The train arrives and I get on, still uplifted by the performance. A girl takes the seat adjacent to me and I quickly realize she is trying to hold back tears. Occasionally they outwit her and sneak down her cheeks. I feel a strong compulsion to ask if she’s okay. I wonder though if asking if she’s okay will be an intrusion? Or is it possible that it would make a difference? Is there healing power in the knowledge that a stranger cares? I try to imagine the situation in reverse to figure out how I would feel. I think I would be touched. Human interaction being the intimidating apex of vulnerability it so often is, I give myself four stops to grow the balls.
 
But she gets off in two.

So that’s that. I’ll never again be presented with the unique moment in which our paths cross and she is sad and I am concerned on a human level. It’s an opportunity missed. It lets me know in bright, abrasive, determined words like fresh neon paint that there really is no time like the present. And the present is fleeting… temporary… then it slips away and is the past. Just like this exact mundane moment: here now, gone now.

I think there is something immensely powerful in the moments of unlikely proximity — a moment where the haze of a stranger comes into focus and is an actual living, breathing person. A person with worries and quirks and nervous habits and sadness and joy and thoughts. A person with a favorite pair of shoes and a mother at the very least at some point and a heartbeat. A person who can get paper-cuts, who needs water and sleep to survive. A person who has inside jokes with someone and favorite memories and regrets and a preferred genre of music, maybe even allergies. 

Someone with hopes and disappointments — someone who’s more than just a face among faces in a crowd, to someone they are the face sought out amidst the blur of others.
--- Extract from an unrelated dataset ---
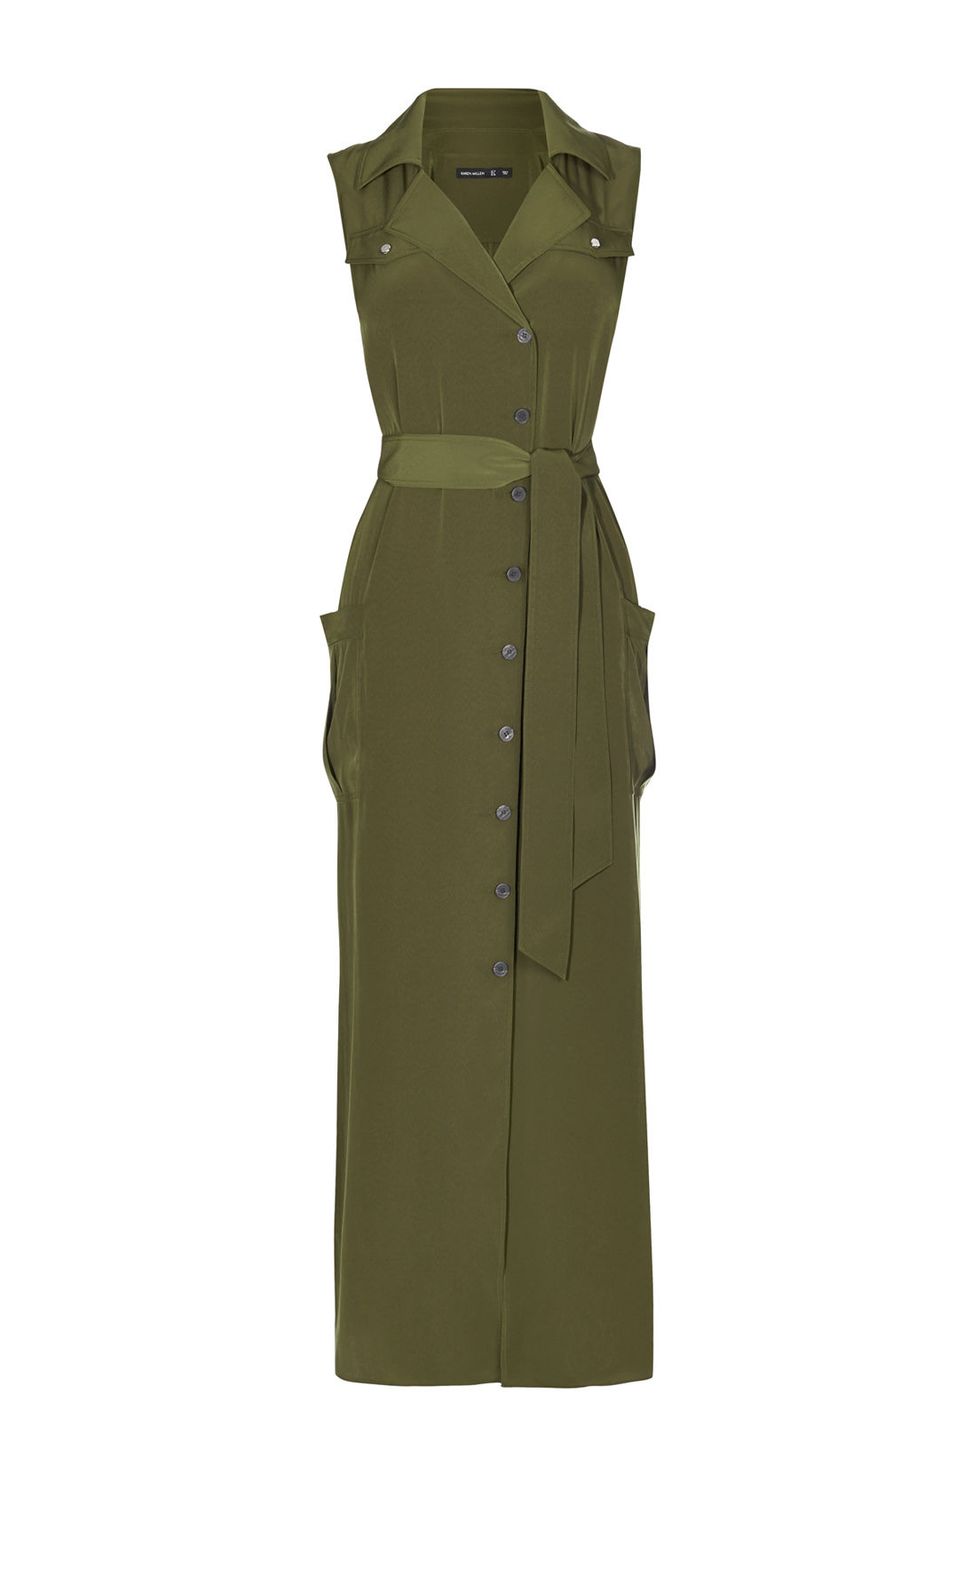 Clothing, Day dress, Dress, Green, Khaki, Outerwear, One-piece garment, Cocktail dress, Sleeve, Trench coat,

I will never adequately do justice to the punch packed in a moment where someone else’s humanity feels as vibrantly real and palpable as your own. It’s my favorite lesson to learn over and over again, and it is a lesson best learned as often as possible. It’s remarkably easy to see other people as shells, extras in the performance of your life. What does it even mean to be YOU? How do you define it? The complexities in your existence are present in every other person and it’s a rattling explosive realization that, despite the quickness of its departure, leaves shock waves on impact.

I am jarred from my thoughts as an artist makes his way down the train pushing a trolley with wood strapped to it, paintings splattered across it. He explains that he’s a struggling artist living in Bed Stuy, just another someone trying to make it. I realize as he draws nearer that it’s the same guy who ignored me earlier on the platform. Something thaws. Everything melts together. I know nothing about anyone as we share this space. There is so much to know that will never be known, so much to gain that will never even catch my gaze.

As he walks in one direction, a homeless man walks in the other. Both are asking for any dollars or change anyone might have to spare. The question always comes to what we care to spare our dollars for. I feel the same is true of compassion, of kindness, of selflessness, of honesty. All that requires a bit more effort from us — no matter how small that extra effort is — it is always ultimately dependent upon what we’re willing to spare. The choice is personal, but it is a thought process worth being conscious of, if only to gain insight into what matters to you.

My stop arrives, faster than expected. As ever, I leave the subway humbled, mind exploring all the corners it usually cuts.